Neither was the tribunal established because members of the Dail had financial or taxation or other difficulties.

It was the central allegation which caused the public concern, and it was because of his desire to meet that allegation comprehensively, and his understanding that because of his own errors it would be difficult for him to be taken credibly when he came to deal with it, that Mr Lowry had endured the undoubted stress, trauma and humiliation involved in the entire process.

Mr O'Donnell asked the chairman to not simply find there was no evidence to support that central allegation, but to make the positive finding that there were certain plain facts which were now established.

Those plain facts were that Mr Lowry received payments totalling

£65,000 sterling, which were "paid into accounts in the Isle of Man admittedly"; a further £90,000 Irish; and a further payment totalling £395,000 paid on his house.

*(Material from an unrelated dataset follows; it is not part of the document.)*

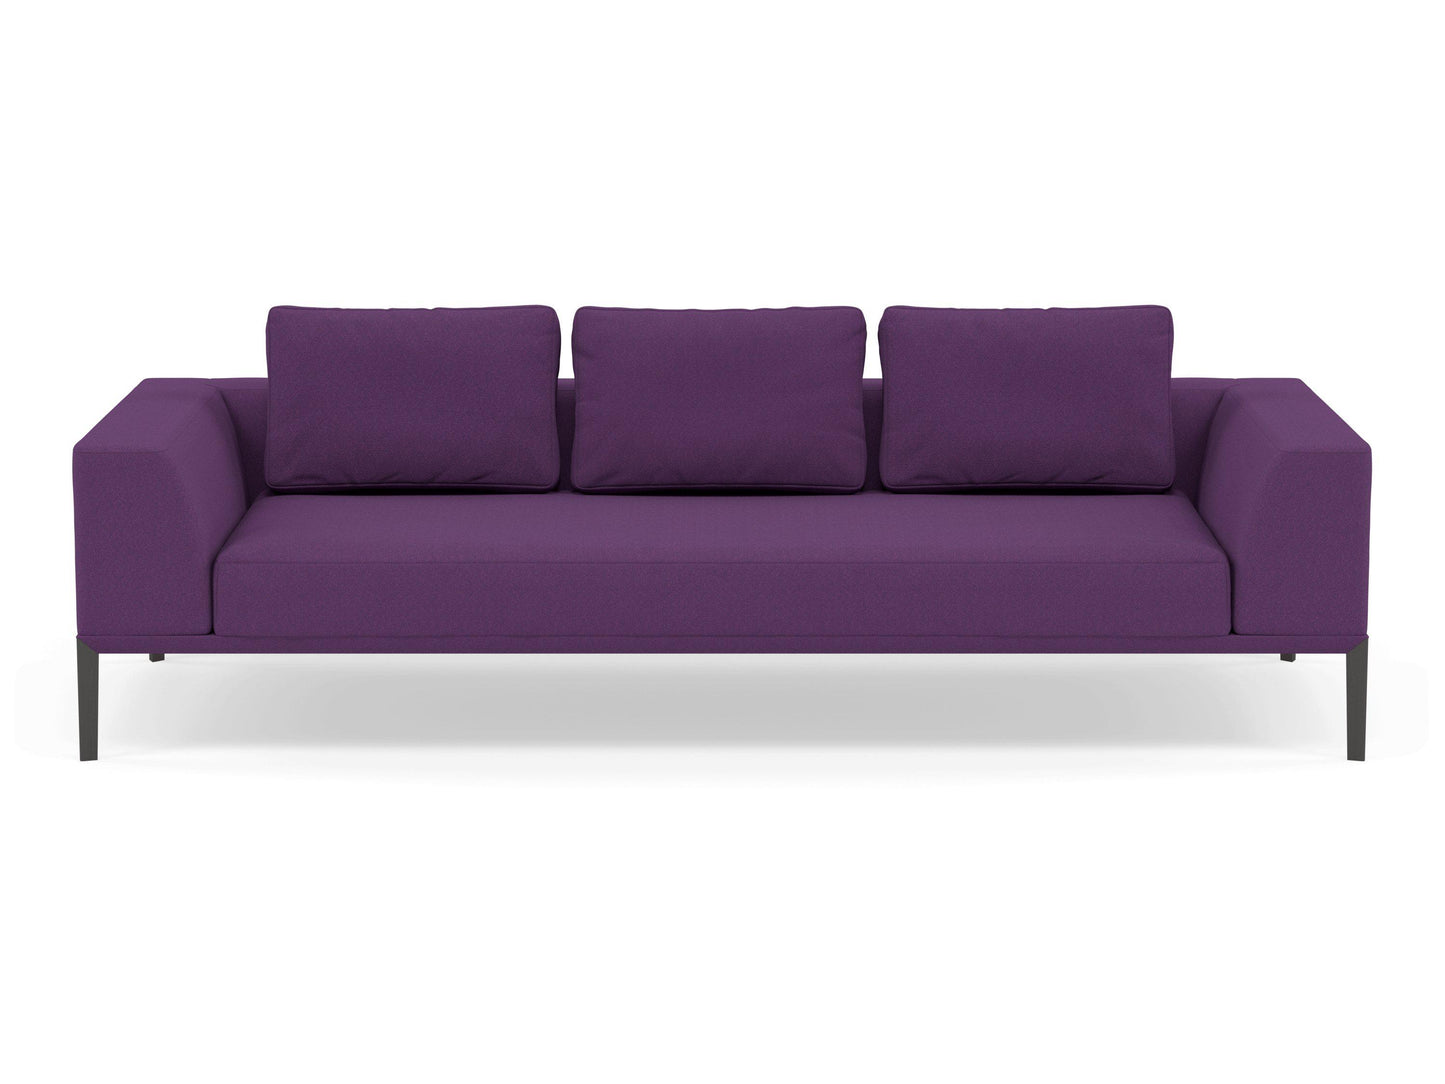 Modern 3 Seater Sofa with Armrests in Deep Purple Fabric for lounge, hotel, bar, restaurant-Wenge Oak-Distinct Designs (London) Ltd

Those monies were paid to him in the course of an enormously successful refrigeration business and for no other purpose, said counsel.

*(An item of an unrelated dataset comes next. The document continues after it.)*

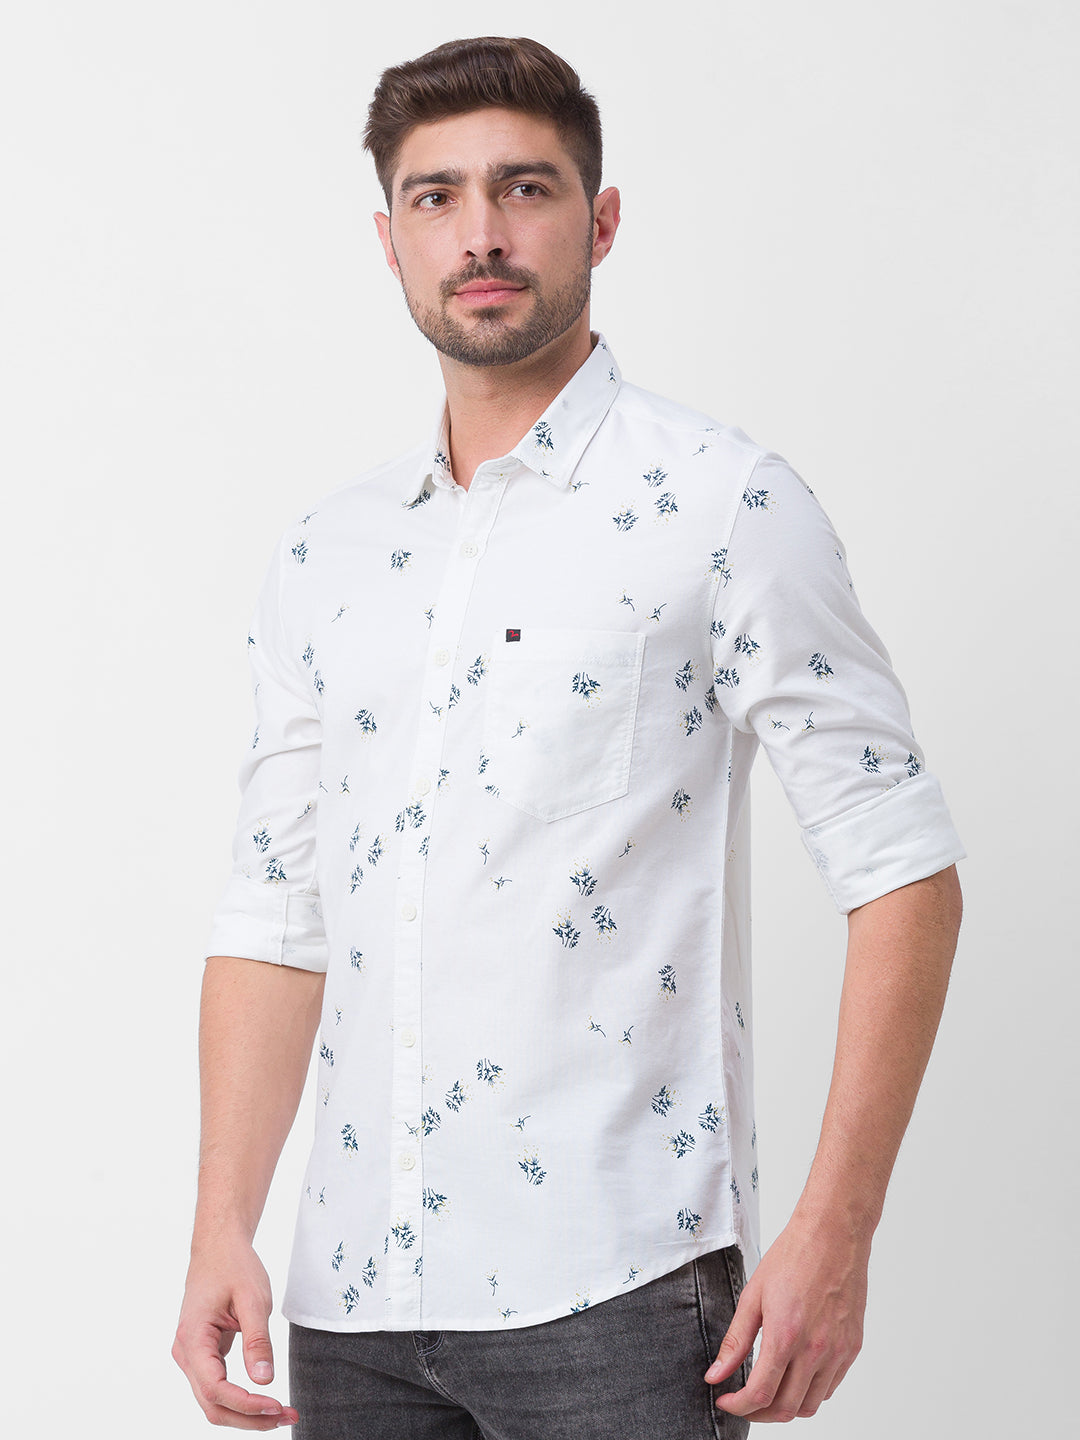 100% Cotton Mens Printed Casual Shirts, Full sleeves

That was the central and critical matter and the fact that it had not been seriously challenged at the tribunal "should not allow us to distort the picture somewhat by moving on".

Moving to what he called "subsidiary issues", Mr O'Donnell said a person's personal tax affairs were not the subject matter of the tribunal. The chairman himself had identified this during the evidence to the tribunal of Mr Haughey.

Counsel and his client accepted that there might be some peripheral relevance as to the question of the existence of monies in bank accounts in the Isle of Man, and their relevance to questions of motive, circumstance and consideration.

However, in the terms of reference of the tribunal he believed it was fair to say that those questions directed themselves primarily to the motive of the payer rather than the payee.

That evidence had been given by the payer, and as far as Mr Lowry was concerned, he had not set up those accounts, he had not traded in them, he had not used them.

He accepted that he went along with them, but if there was a non-innocent purpose in having accounts in a place like the Isle of

Man, it was presumably because the person desired some advantage from not having the funds in accounts onshore. It was of some significance that the only thing Mr Lowry did in relation to these monies was to have them brought onshore, admittedly after some time.

Mr O'Donnell said it was also not within the tribunal's terms of reference to inquire into whether Mr Lowry had misled the Dail in his statement of last December. His client had been asked some 81

questions about this.

A Tribunal of Inquiry had great powers but it could not discipline a member of the Dail or ask him to explain his utterances. However,

Mr Lowry did not accept that there was anything misleading in his

Dail statement.

He had been asked why £395,000 had been paid in respect of his house and what he was saying was that this payment was a perfectly open matter which was known to a large number of people.